Police will continue searching the area in southern NSW on Monday after a number of bones were found at about 3.15pm (AEST) on Sunday by a group of trail bike riders.
The bones were found exposed and lying on the ground in an area off a bush track, News Ltd reported.
Belanglo State Forest was the dumping ground used by serial killer Ivan Milat, who buried his victims in shallow graves in the area in the infamous Backpacker Murders.
Police secured a crime scene in the forest and the bones are being examined to establish if they are human.
Police were treating the discovery "as human, until we know better", NSW homicide squad head Detective Superintendent Peter Cotter told The Sydney Morning Herald.
A search of the area was called off on Sunday due to poor lighting.
Forensic detectives will continue searching the forest floor on Monday morning to establish if there are any further remains at the scene.
A police spokeswoman said investigations are continuing.

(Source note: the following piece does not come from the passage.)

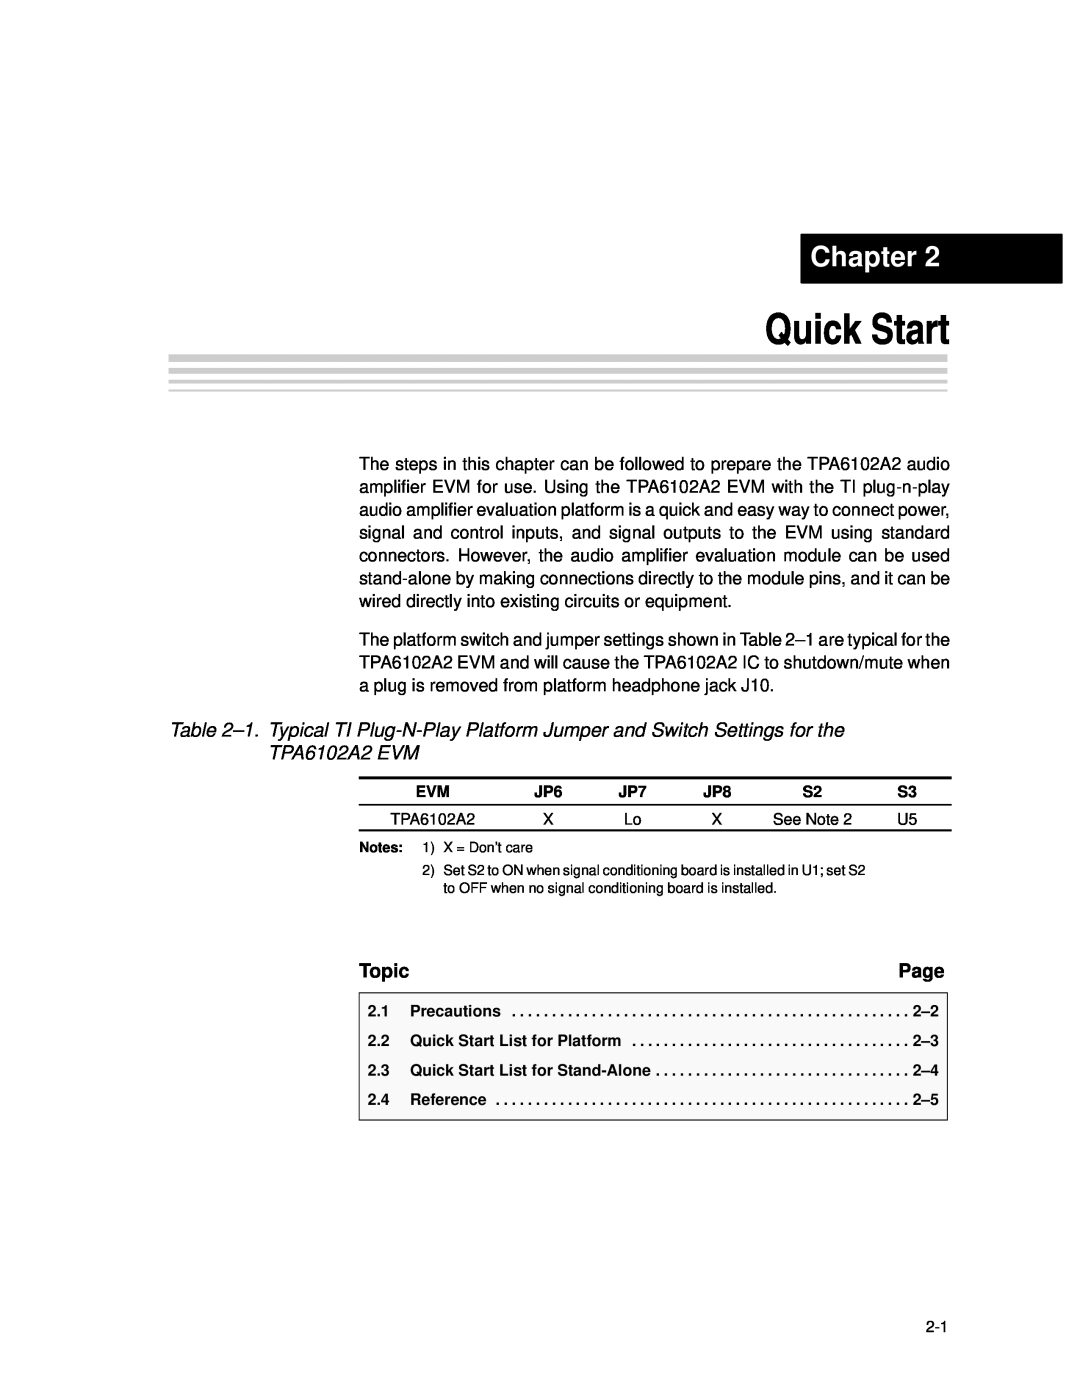 Texas Instruments TPA6102A2 manual Quick Start, Chapter, Page, Topic 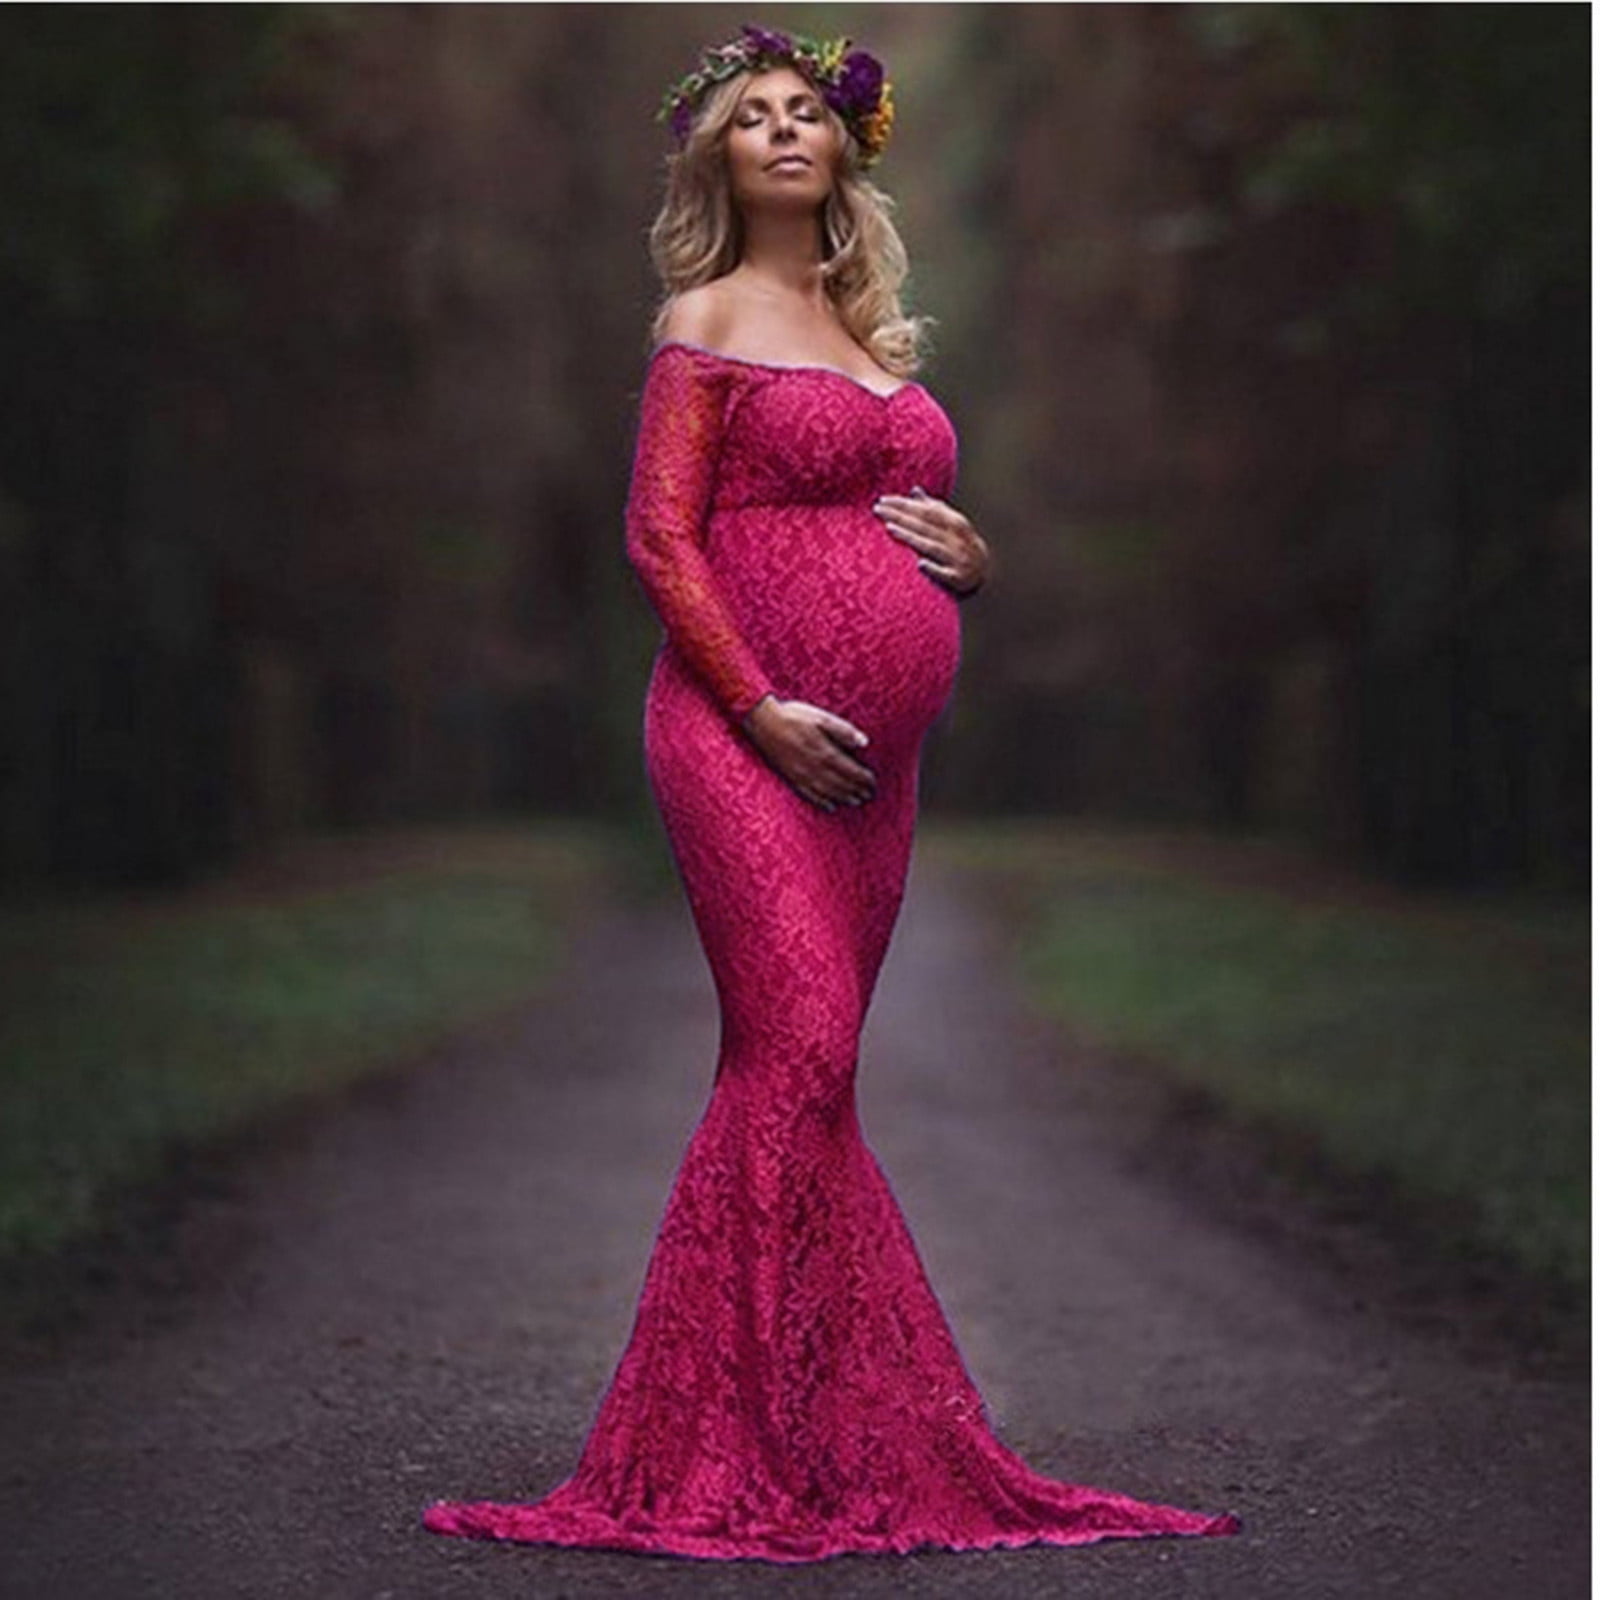 37 Cute Maternity Dresses That Are Truly Perfect for Valentine's Day

Milat, one of Australia's worst serial killers, was jailed for life in 1996 for the murders of seven backpackers.
Milat's victims - Deborah Everist and James Gibson of Melbourne, German backpackers Simone Schmidl, Anja Habschied and Gabor Neugebauer, and Britons Joanne Walters and Caroline Clarke - went missing between 1989 and 1992.
Their bodies were found concealed in makeshift graves in the Belanglo State Forest between September 1992 and November 1993.